That we have all used systems, that by _our_ own standards (now),
are incredibly insecure and unprotected.
AmigaOS, MS-DOS, Win3.1, Win9x (Seriously, its a lot crappier than most people think - and they already think its crap ).
In any case, You need some faith.
We are kernel developers, not lovely handholding babysitters.
Anywho, This thread is not about the issue of insecurity. Rather, it is about
the allocation mechanisms for unpaged, single address spaces.
And, as an asside - How to deal with its problems. Ie: Relocating a program when it gets too large for its current slab of memory.
~Z
That we have all used systems, that by _our_ own standards (now),
are incredibly insecure and unprotected.
AmigaOS, MS-DOS, Win3.1, Win9x (Seriously, its a lot crappier than most people think - and they already think its crap ).
In any case, You need some faith.
We are kernel developers, not lovely handholding babysitters.
Anywho, This thread is not about the issue of insecurity. Rather, it is about
the allocation mechanisms for unpaged, single address spaces.
And, as an asside - How to deal with its problems. Ie: Relocating a program when it gets too large for its current slab of memory.
~Z
Give it an out of memory issue, and let the program decide what to do. Seriously though, if you're loading an application, you know if it has enough room or not (because you obviously allocate space to load it to). When it asks for memory, you either have it or you don't (without virtual memory).
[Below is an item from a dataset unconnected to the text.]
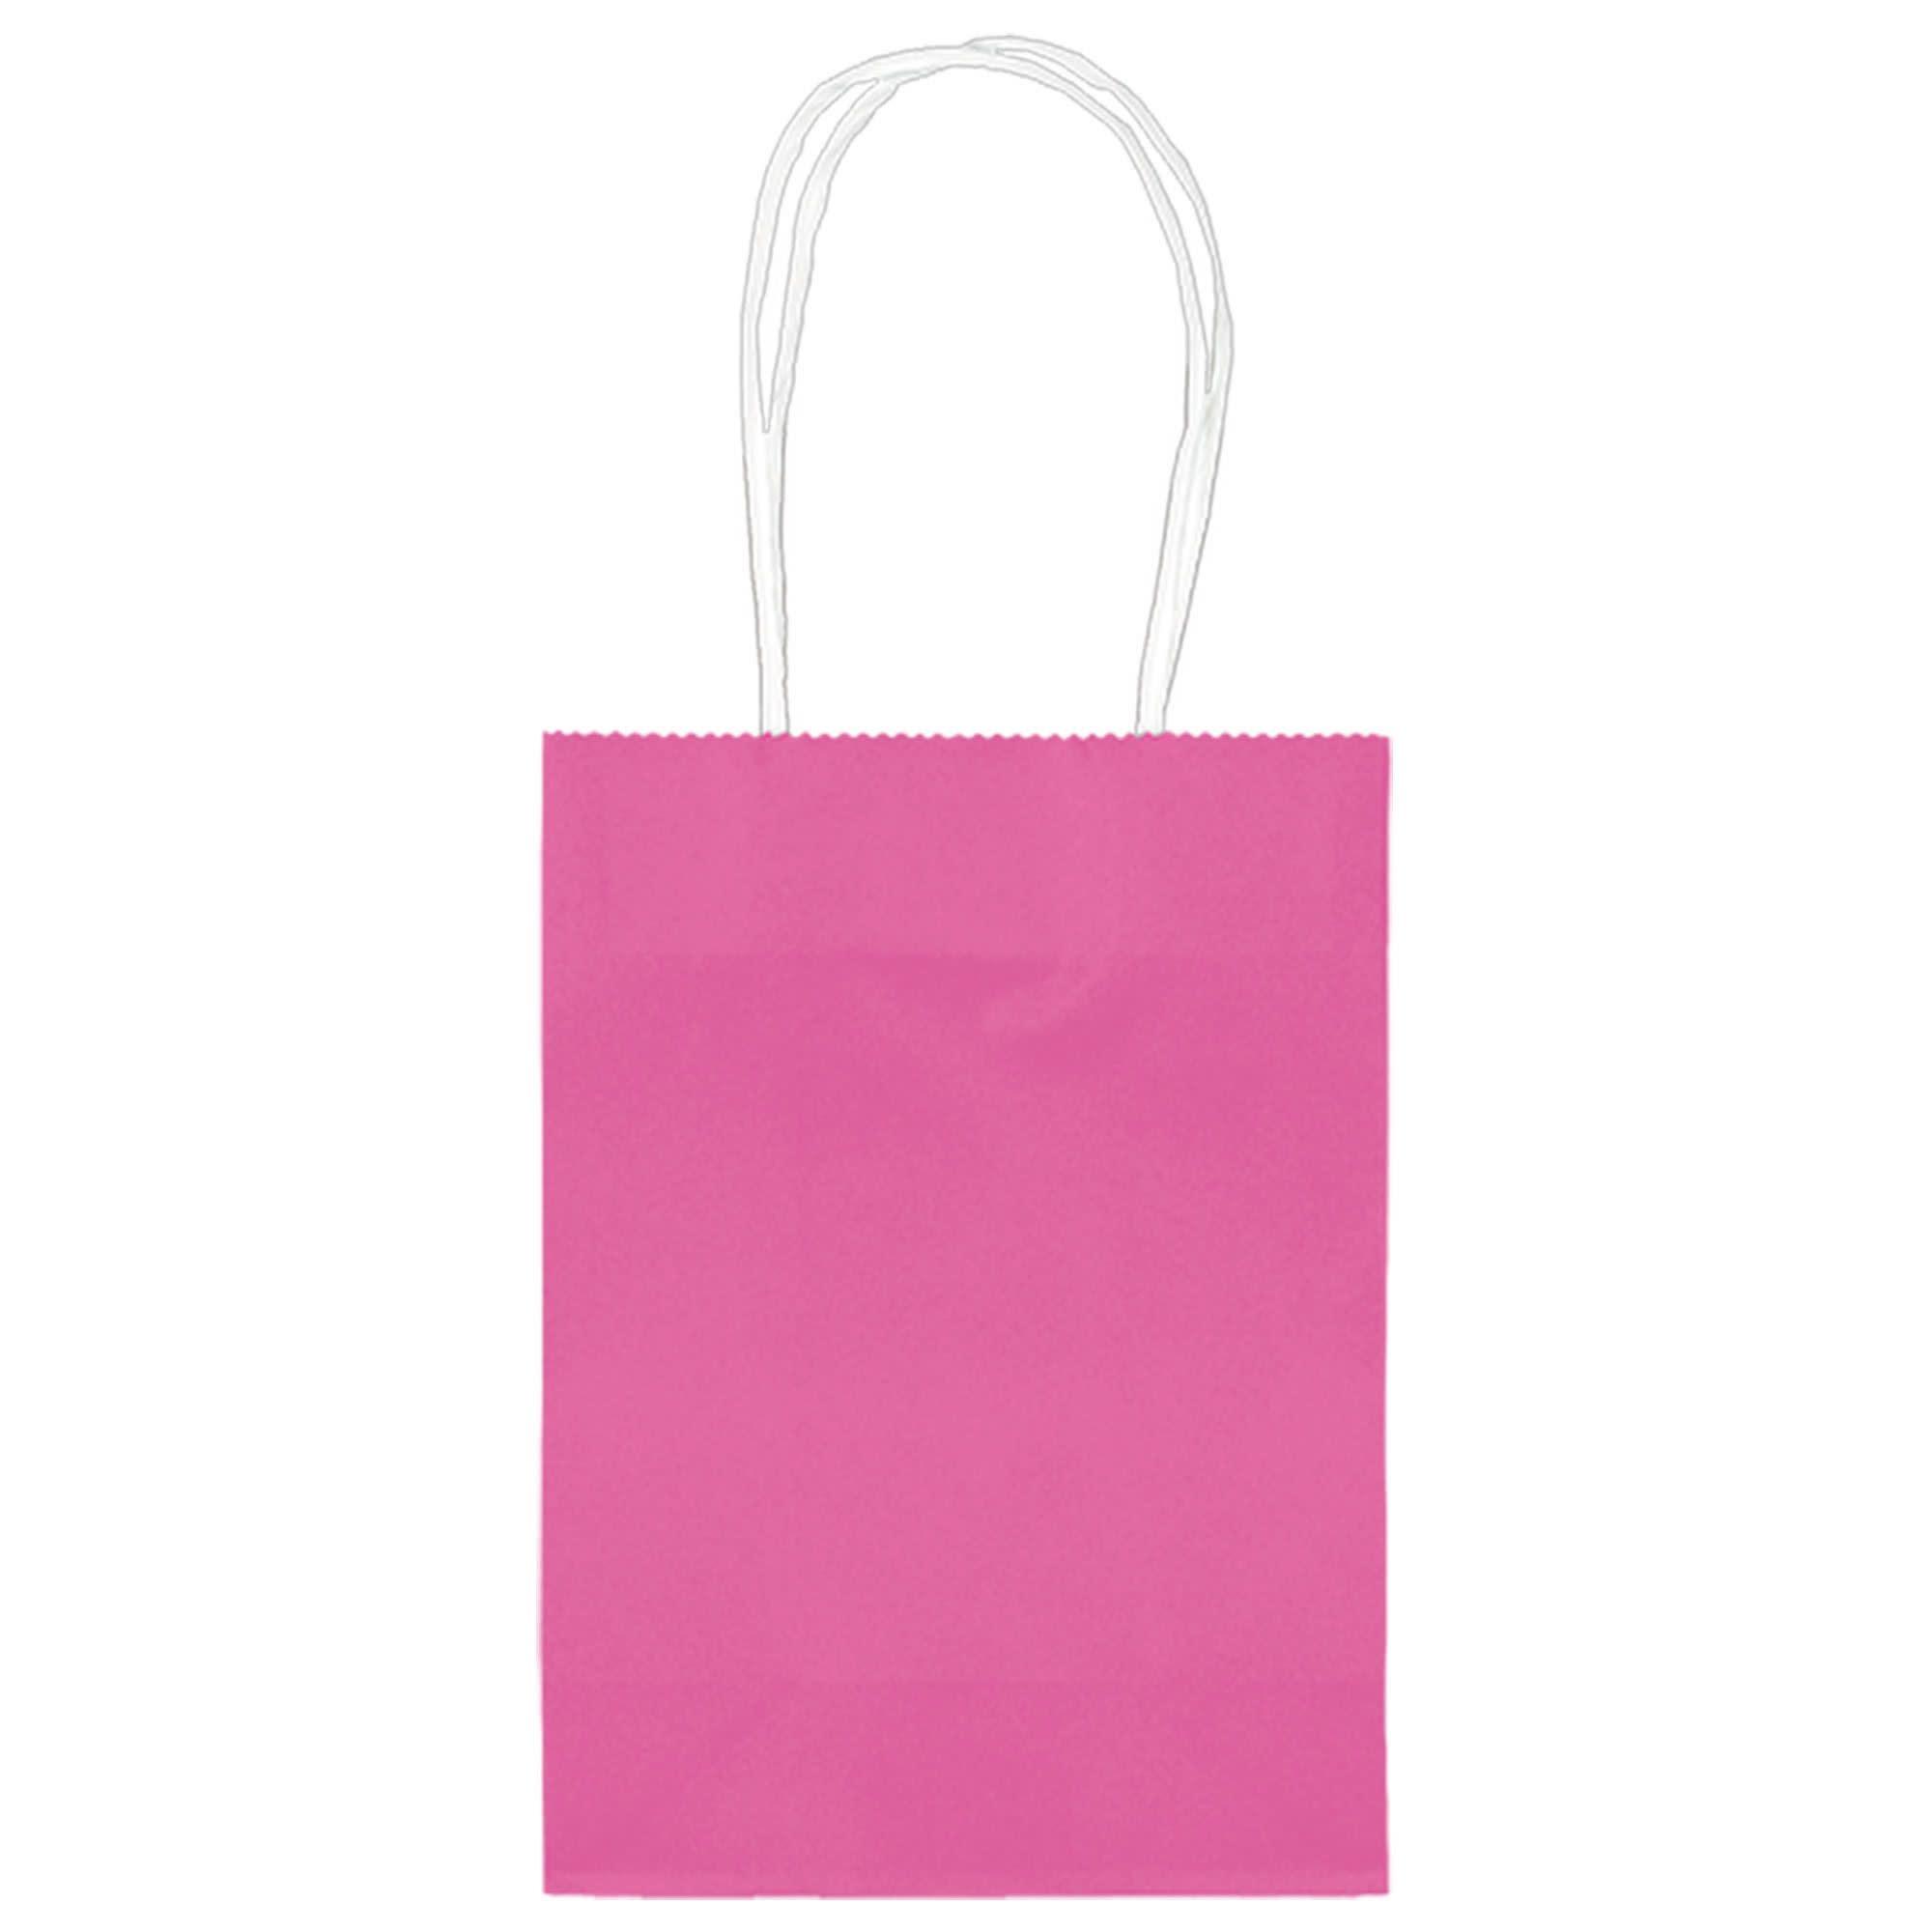 "5"" Kraft Bag - Bright Pink"

If you want to move memory around in the middle, you would have to have 'smart' pointers, where you would register all pointers, this way if you had to move some memory, you would lock everything, update all the pointers, then unlock it. The programmers wouldn't be able to play with pointers much though, so it'd depend on lot on developers being nice. I would just return not enough memory however. I don't know to many things that don't support MMU's, except for the really small microcontrollers, but if you have that much limited space and you're trying to run a high level OS, you are going to have memory problems .
I'm making an unpaged os.
I relocate all modules at loadtime and in that process I resolve the modules API references into the kernel and other processes. That way I don't even need a dedicated IPC system. Granted I will probably need it later as the design grows more complex
I don't get what you are talking about, with "process chunk grows too big"?
I relocate all modules at loadtime and in that process I resolve the modules API references into the kernel and other processes. That way I don't even need a dedicated IPC system. Granted I will probably need it later as the design grows more complex
I don't get what you are talking about, with "process chunk grows too big"?
Ready4Dis, I like that idea.
I really do. Infact, I think thats freaking brilliant.
Have a pointer table. Itll be a little slower but - Itd allow me to perform memory protection without MMU hardware.
As for really small Microcontrollers, well, yes.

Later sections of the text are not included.